A friend recently shared with me a series of quotes complied by the statistician George Box in one of this books. While Box did not take credit for all the quotes, he must have felt that the collection of them was instructive enough for them act as truisms which provide insight to the world of statistics. I’m no statistician, but I find that the sentiment of many of these quotes are just as at home in the world of computer aided engineering. In CAE, we analyze data coming from simulation models and learn by building and tweaking these models to perform our own “experiments”. So I’d like to share how I see that these quotes fit nicely into the life cycle of the typical projects conducted by CAE engineers, and I hope everyone can smile and nod at the familiarity of shared experiences.
Project Initiation and Planning
“To find out what happens when you change something, it is necessary to change it.” I knew a manager who insisted that all reports coming from his group must contain at least two analysis for comparison. Then you could properly tell a story: “The critical feature on this part is this radius.
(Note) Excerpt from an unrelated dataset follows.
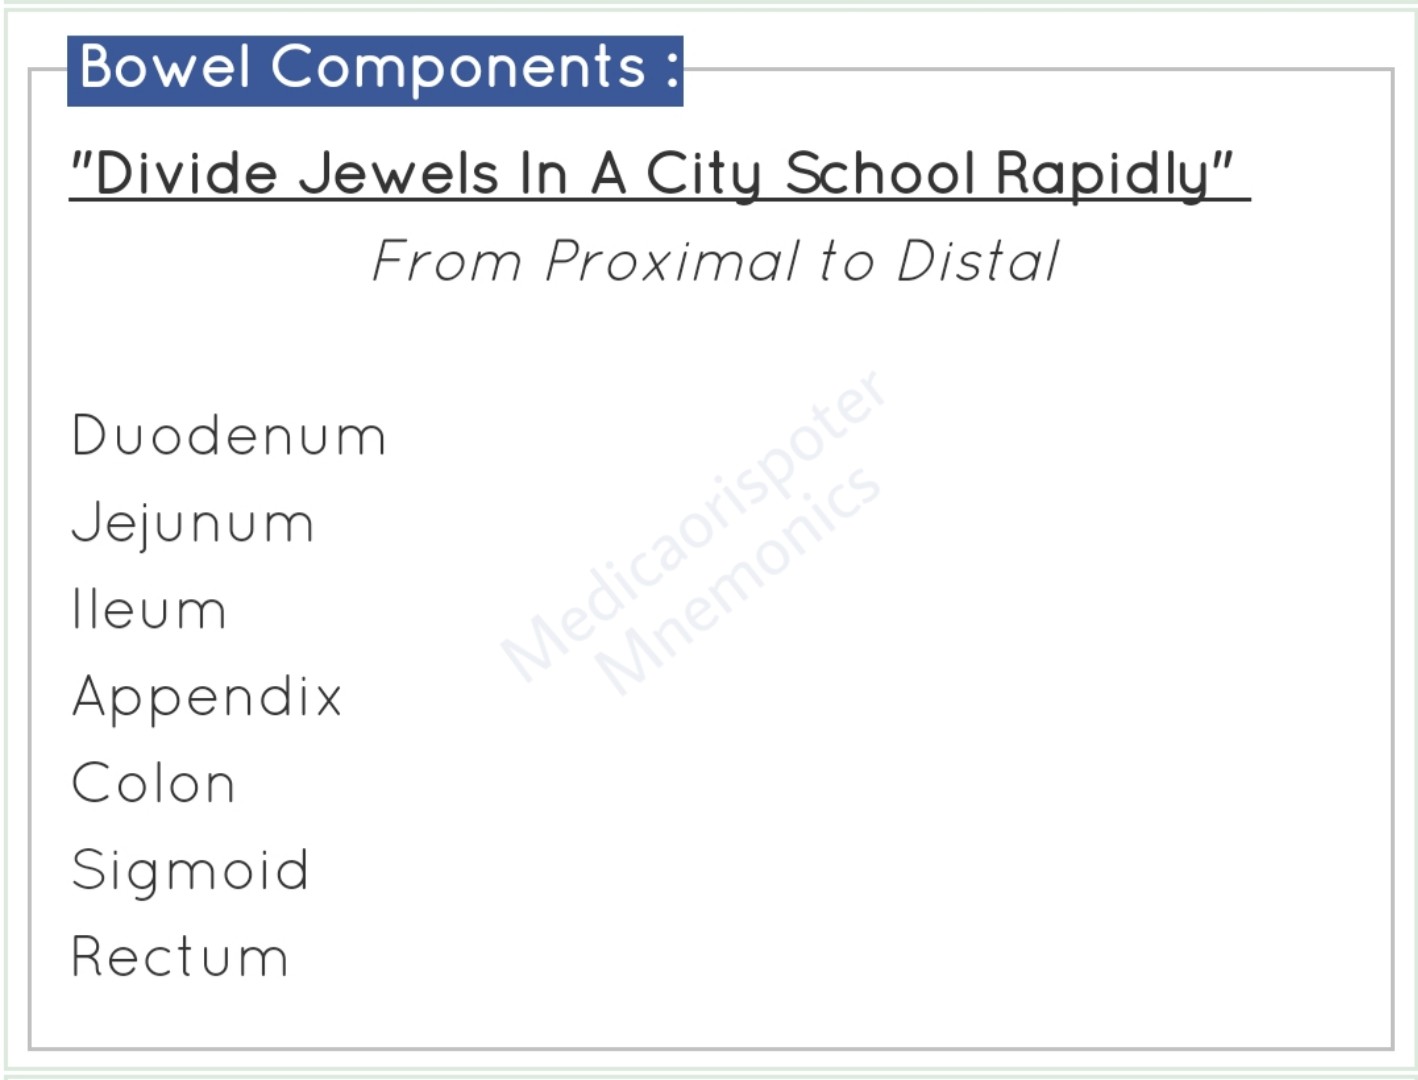 Components of Bowel

Notice that it works in the proposed design and the part breaks when I change it.” A single analysis can never deliver assurance that the result is a reasonable prediction of reality and not a symptom of a flawed model.
“Only in exceptional circumstances do you need or should you attempt to answer all the questions with one experiment.” The previous quote made the case to anticipate the need to run multiple analysis. But assuming the sufficiency of a single analysis is just as naïve as believing you can plan all the required analysis in advance. Each project is unique and will contain its own set of twist and turns that must be addressed as they arise. The best plan is to start a project with a minimal analysis intended to uncover the subsequent questions.
“When running an experiment the safest assumption is that unless extraordinary precautions are taken, it will be run incorrectly”. This quote is a particular favorite of mine! Learning to mitigate mistakes is essential a keeping a project on track. Of course “extraordinary precautions” such as experience and meticulous attention to detail can, and should, minimize disruptions, but it is just as important to manage our frustration arising from the work of others (or yourself!) so the project maintains a positive outlook.
“The best time to plan an experiment is after you’ve done it” – R.A. Fisher. A droll quote, but so very true. It is important to learn from each project and refine your techniques for the next project. Of course no matter how much learning you put into your next plan, you will realize that too was not perfect.
“All models are wrong; some models are useful.” This famous and profound quote is attributed to Box himself. Too often we talk about numerical accuracy as an absolute, and we lost sight of the fact that these analyses are only numerical approximations of the real world. All models will contain errors – the question is whether the model’s inaccuracies are acceptable relative to the use case. In airplane design, there is typically a very coarse finite element model that is used to calculate the global behavior of the structure and understand how loads are transmitted. This model is perfectly useful in that context, but would be completely useless to get stress at a component level. A good model is only as accurate as needed.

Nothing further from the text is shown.